■ きゅん、てするの


 真田は幸村と二人きりになった時だけ己の本性を少しだけ垣間見せる。

 後ろからぎゅう、と抱き締められて首筋に吐息を感じた。それが妙にくすぐったくて、幸村は身を捩る。
 真田はそれさえもできないように幸村の腰をがちりと固定したから、真田の表情を伺い知ることは叶わなかった。

「なに、どうしたの真田」
「最近は二人きりになる機会がめっきり少なくなったからな……こうでもしないとやってられん」
「おや珍しい、今日はやけに素直じゃないか」

 くすくすと幸村が笑うと真田はそれが気に食わなかったらしくむっとした表情になった。

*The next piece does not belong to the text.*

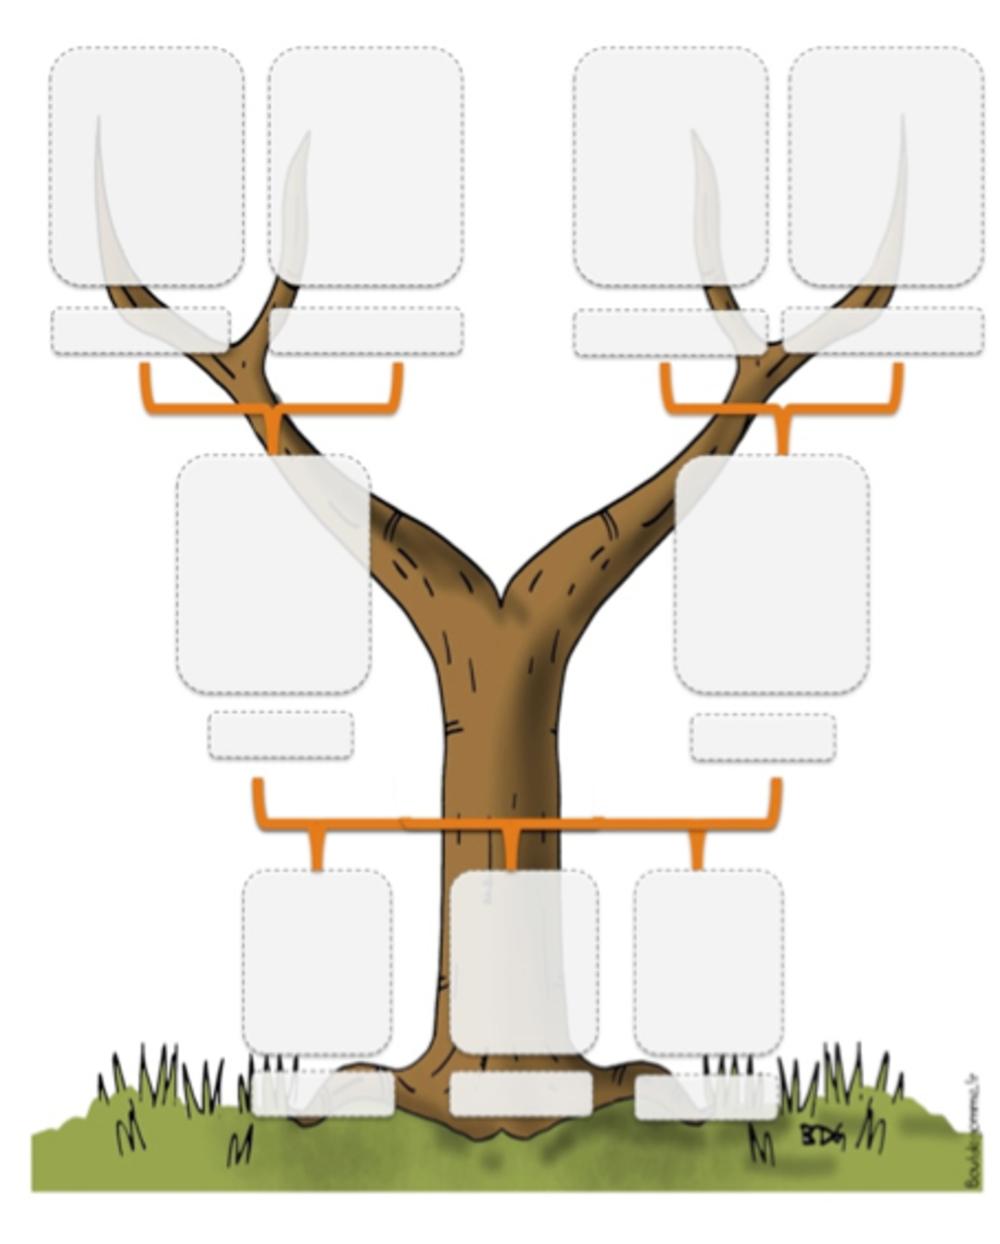 comment faire son arbre genealogique. Black Bedroom Furniture Sets. Home Design Ideas

「真田の独占欲ってほんと俺と比にならないよね。まぁそれはそれで嬉しいんだけど、」

 けして幸村の独占欲が希薄なわけではなく、ただ真田が尋常でないほどに妬きもちやき、というだけの話だ。
 幸村はそれを苦痛に思うこともないし、むしろ喜びさえ感じている。お互いがお互いにゾッコンであるのはよいことで、幸せなことなのだ。

「気はすんだ?」
「……もう少し足りん」
「じゃあうち来る?」
「そうさせてもらおう」

 いつもなら結構な時間を要するのに真田の答えはほぼ即答だった。

「じゃあはやく着替えていこっか」
「うむ、」

 幸村は軽く鼻歌を交えながら、真田の背中にそっと抱き付いた。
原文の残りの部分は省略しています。